At the European Commission, new Commission President, Jean-Claude Juncker, is a former Luxembourg Prime Minister. Coming from a prime European funds domicile gives him a unique perspective on funds industry concerns. Also, while UK nominee Lord Jonathan Hill still has a few hurdles to jump in the approval process, it is likely that he will be appointed as Financial Services Commissioner. It is expected that a commissioner from the UK would be more sympathetic to European funds industry concerns.
At the level of the ECON, the rapporteur for money market fund reform is Neena Gill, a UK Labour/Socialist MEP who has stated that she will seek “to ensure there is a format there that enables these funds [MMFs] to continue to exist.” She further noted that she does “not think that it is a job of the Parliament to define what sort of investments you have or not.” She is proposing a roundtable in November to discuss potential solutions, with a vote likely in January. The shadow rapporteur is a new MEP for Dublin, Brian Hayes.
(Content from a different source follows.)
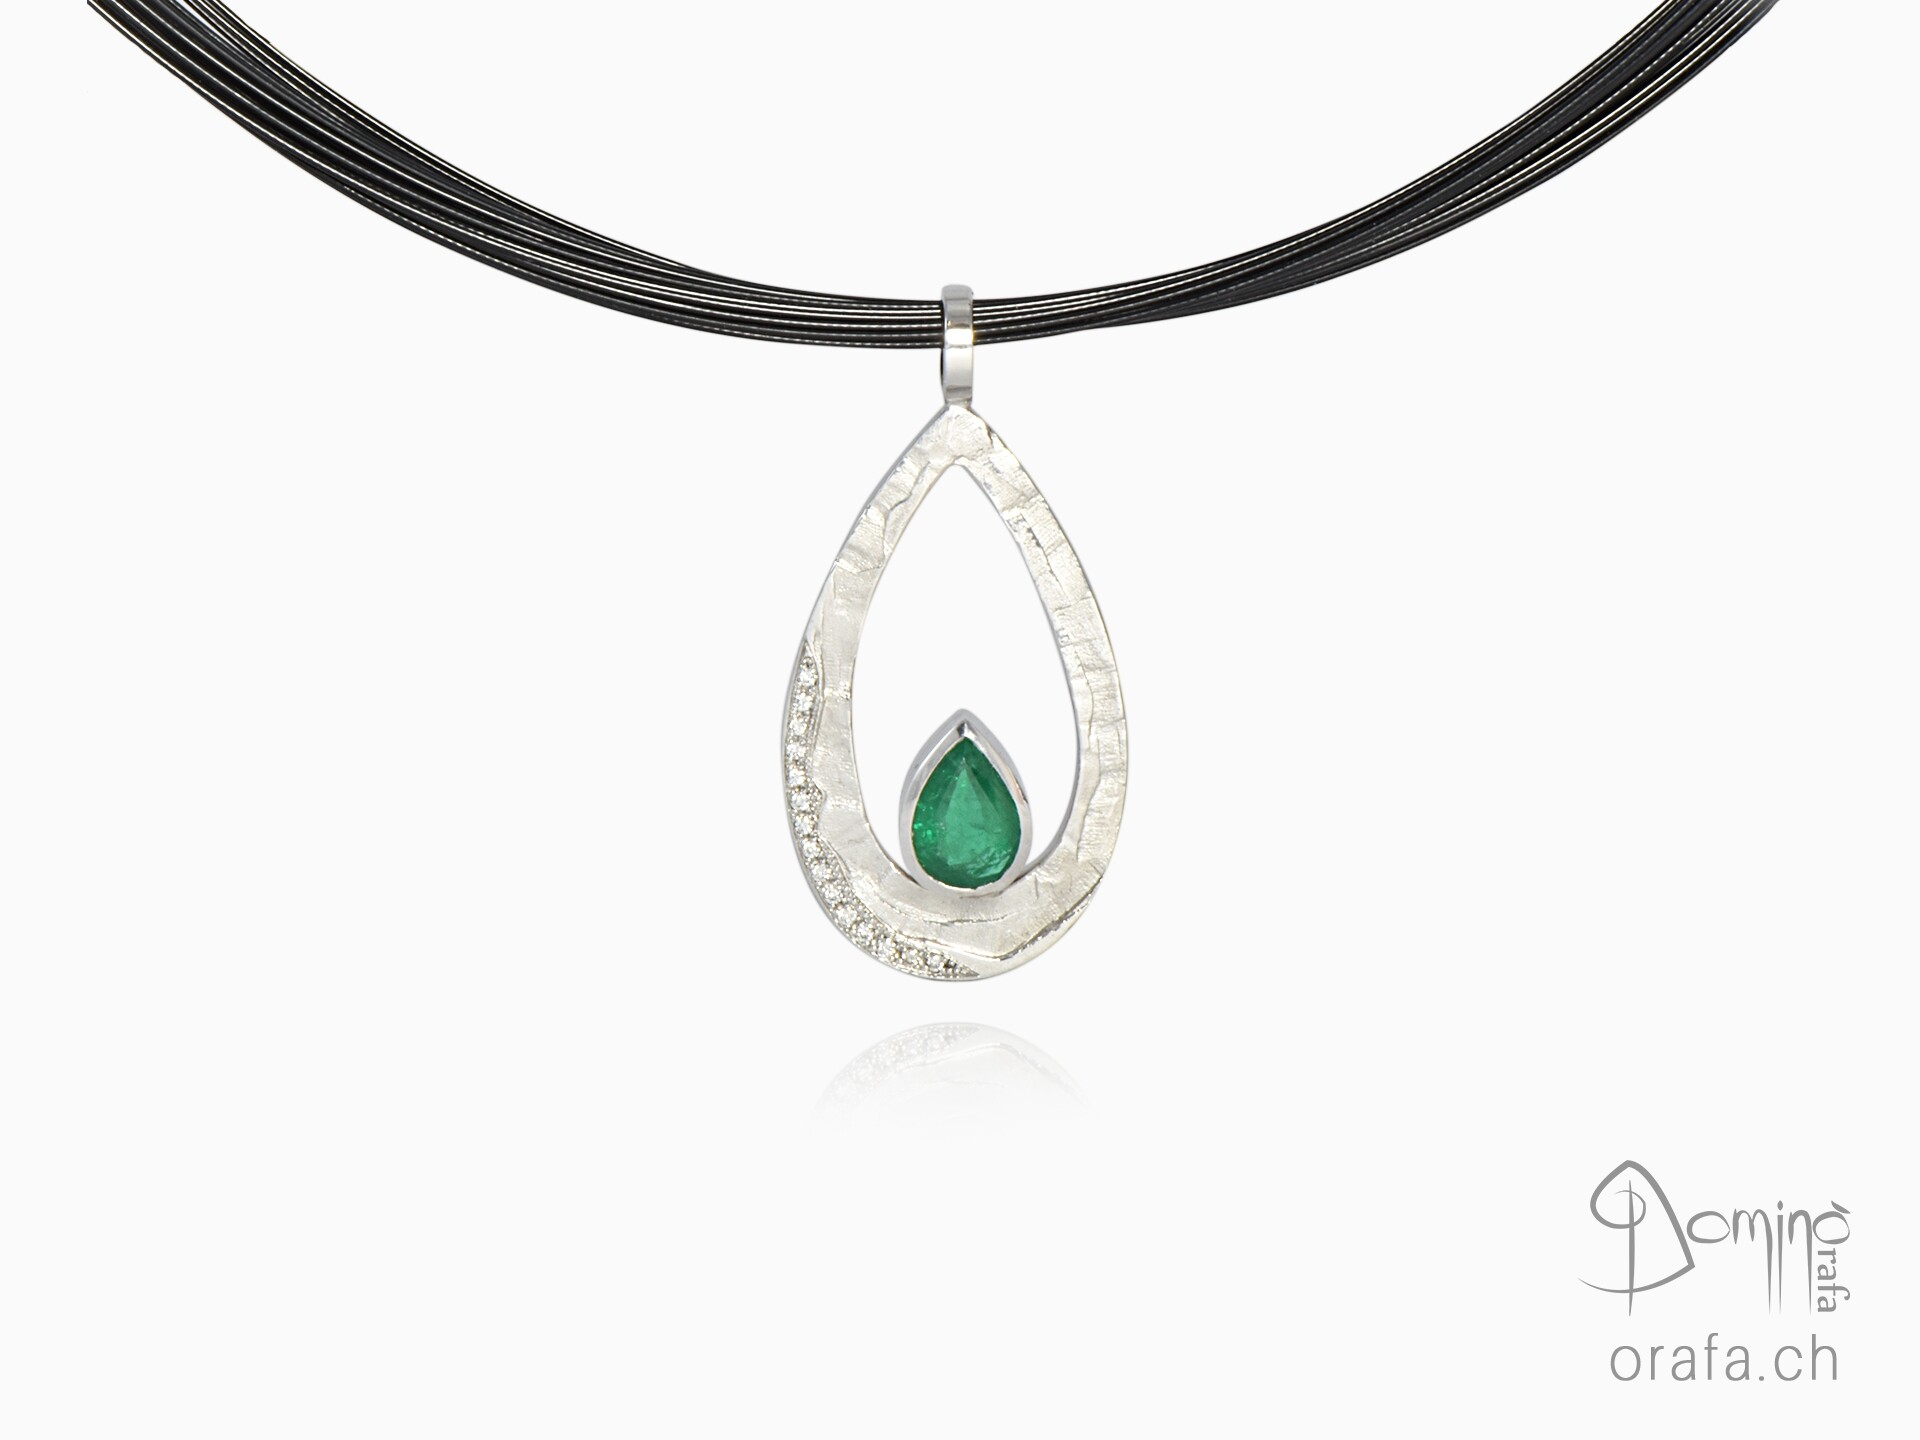 Ciondolo Sentiero con smeraldo e diamanti

While the Irish Government supports the regulatory imperative to better regulate shadow banking, it does not support the capital buffer proposal, which Irish Financial Services Minister Simon Harris believes will “damage the industry [in Ireland], but also throughout the EU, and could lead to a outflow of investment from Europe.”
What are the Options?
It is incumbent upon the opponents of the capital buffer to bring something new to the table.
The view of the industry – as set out in Position Paper published by the Institutional Money Market Funds Association (“IMMFA”) in response to the Commission Proposal – is that the use of redemption gates and liquidity fees (a fundamental aspect of the U.S. reforms) is the “simplest and most effective mechanism by which to achieve” the objective “of better regulation of MMFs [which] is to prevent large scale runs from funds, which would likely amplify the risks to the banking system at a time of systematic disruption.”
In addition to the “fees and gates” proposal, other proposals being considered include a proposal for a a MMF structure that is a compromise between a CNAV MMF (with penny rounding to two decimal places) and a variable NAV MMF – a lower volatility NAV, which would allow for rounding to three decimal places.
The MMF industry is facing into severe headwinds with the current ultra-low interest environment. It may be that while the forecast for ultra-low interest rate remains stable, the outlook with regard to MMF reform may appear a little brighter.